PROVIDED DATA:
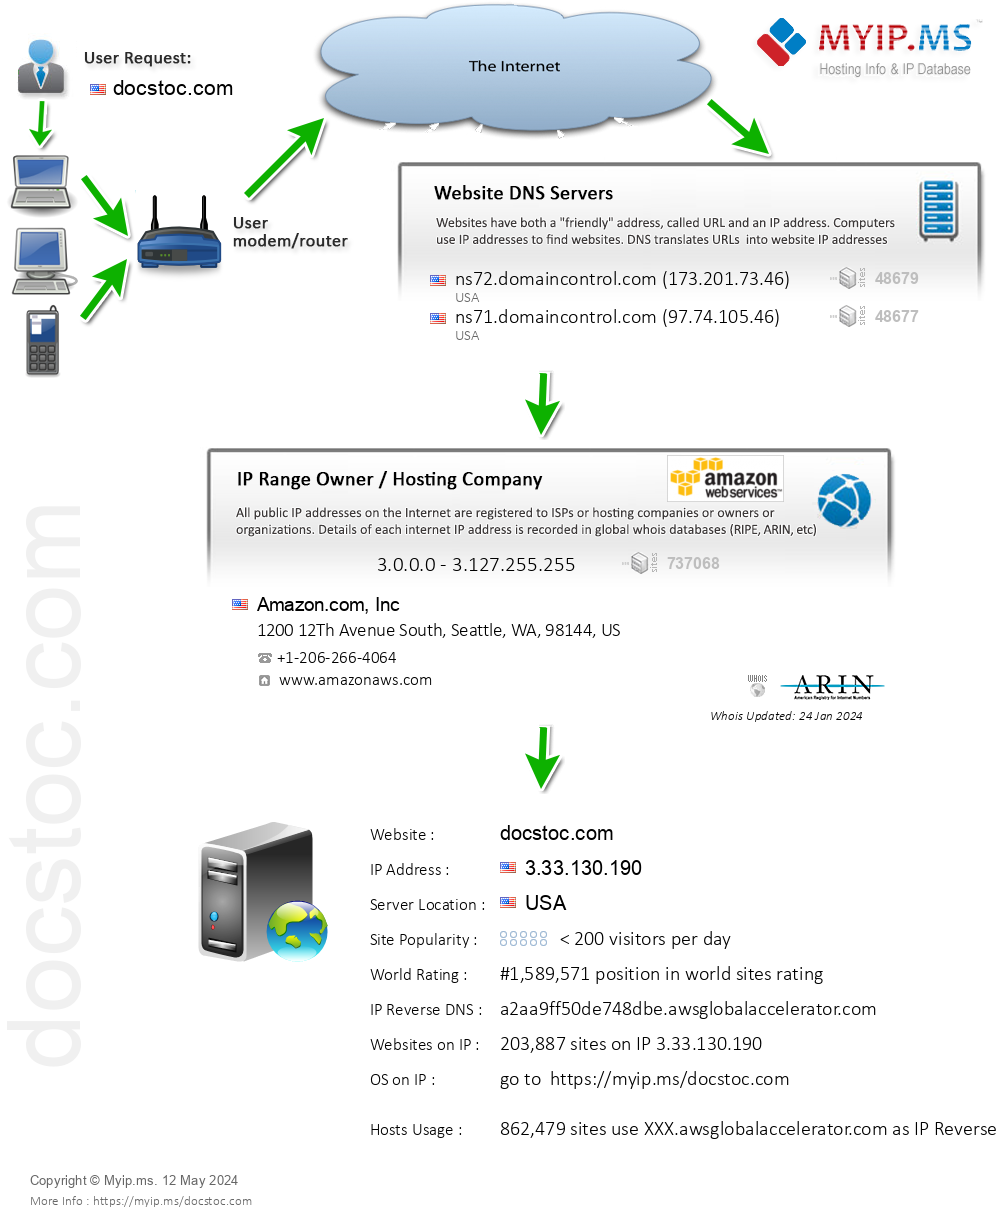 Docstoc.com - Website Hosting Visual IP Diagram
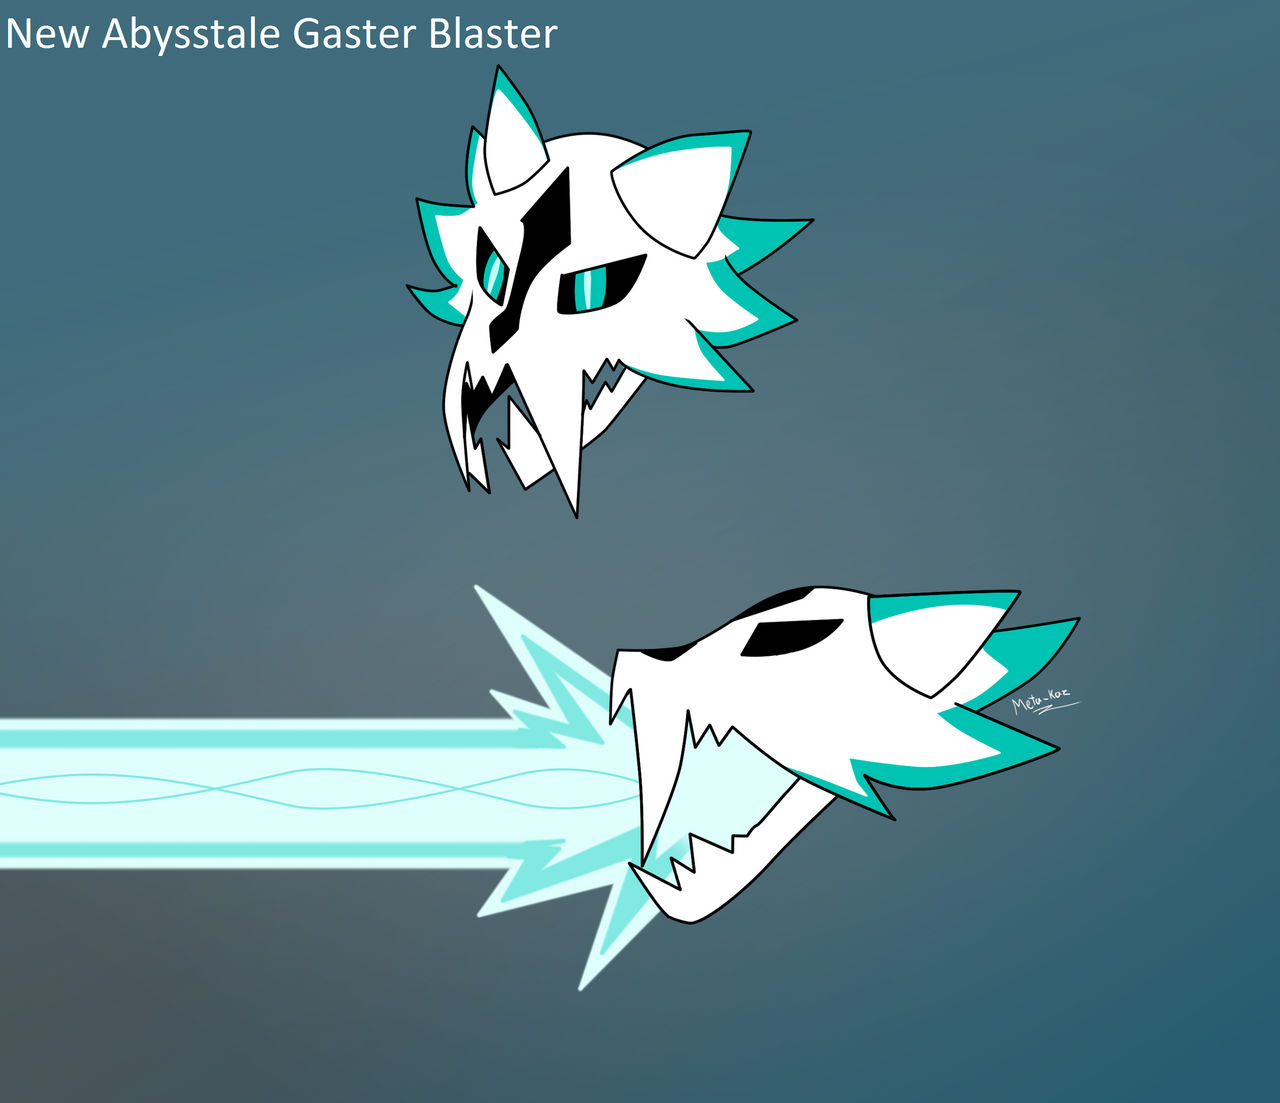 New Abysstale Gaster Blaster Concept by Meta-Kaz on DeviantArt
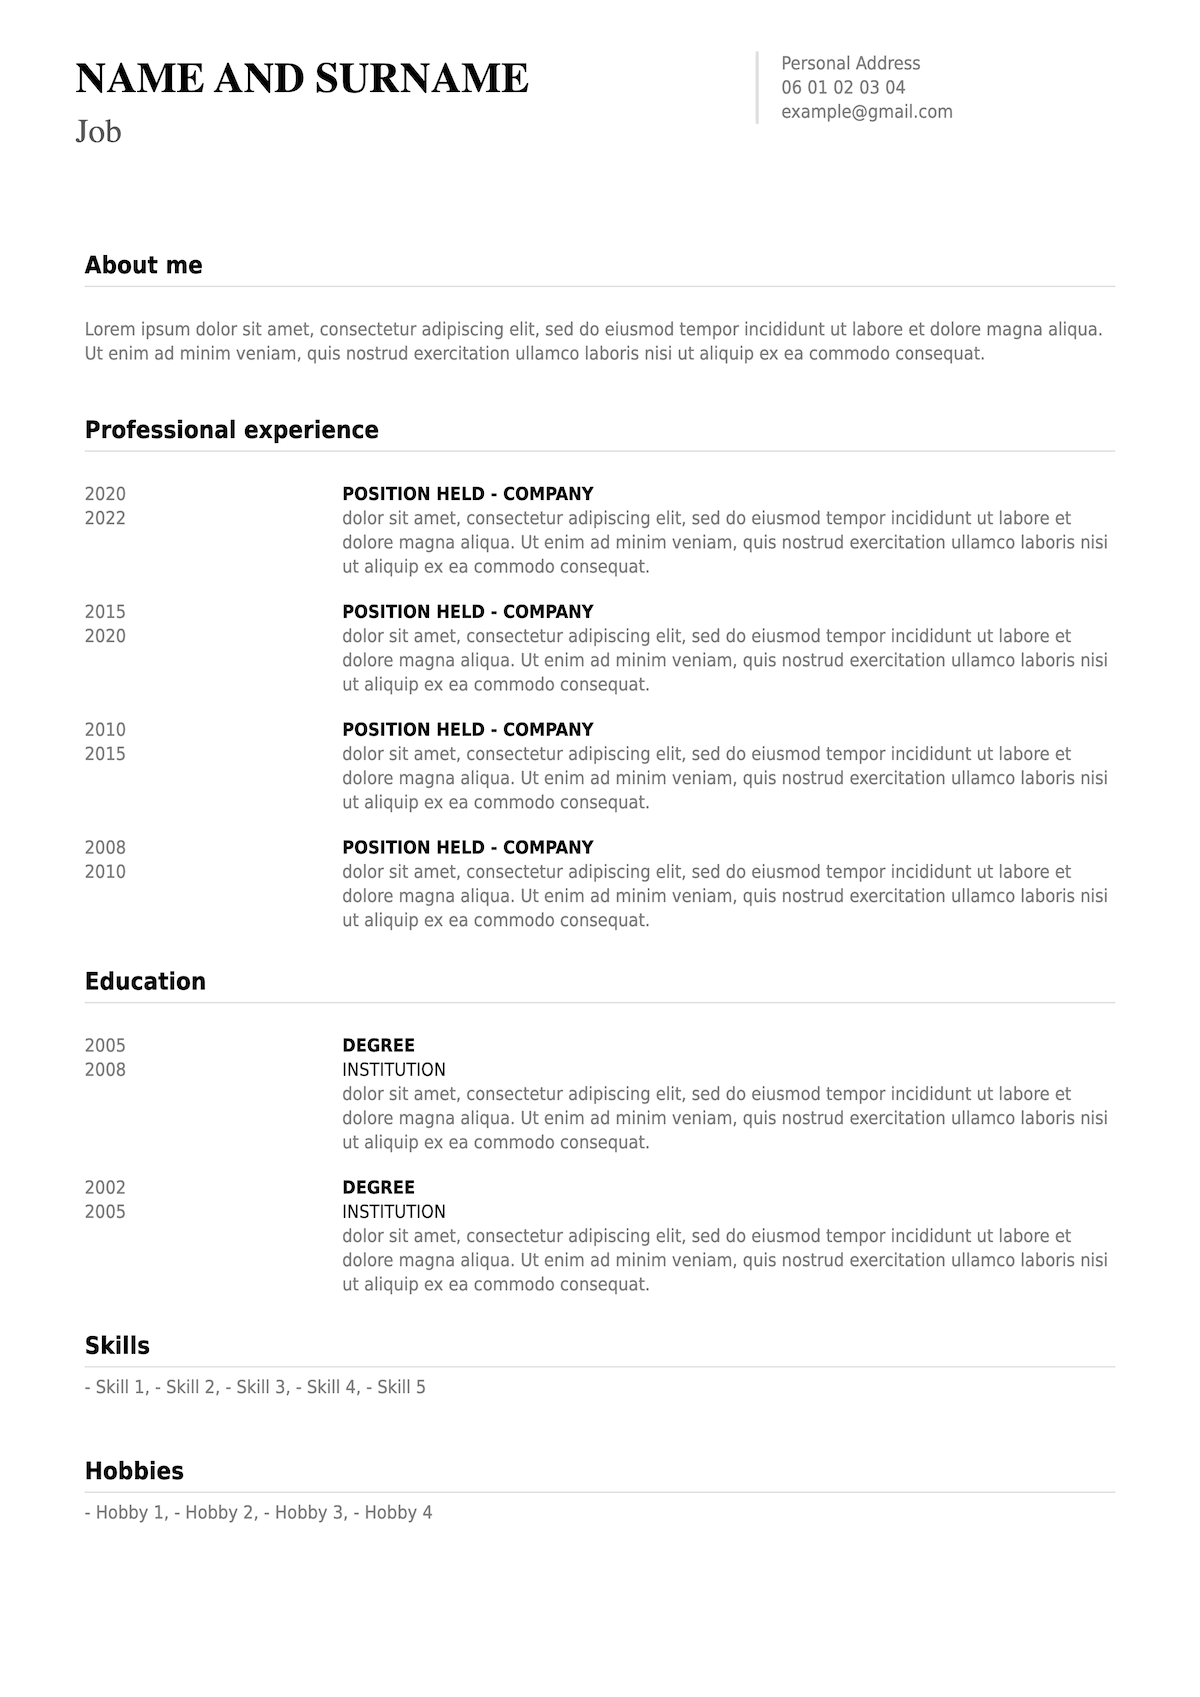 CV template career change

ACTIVITY: Transcribe the material exactly, keeping every word and none of the pictures.

WRITTEN ANSWER:
 Docstoc.com - Website Hosting Visual IP Diagram
 New Abysstale Gaster Blaster Concept by Meta-Kaz on DeviantArt
 CV template career change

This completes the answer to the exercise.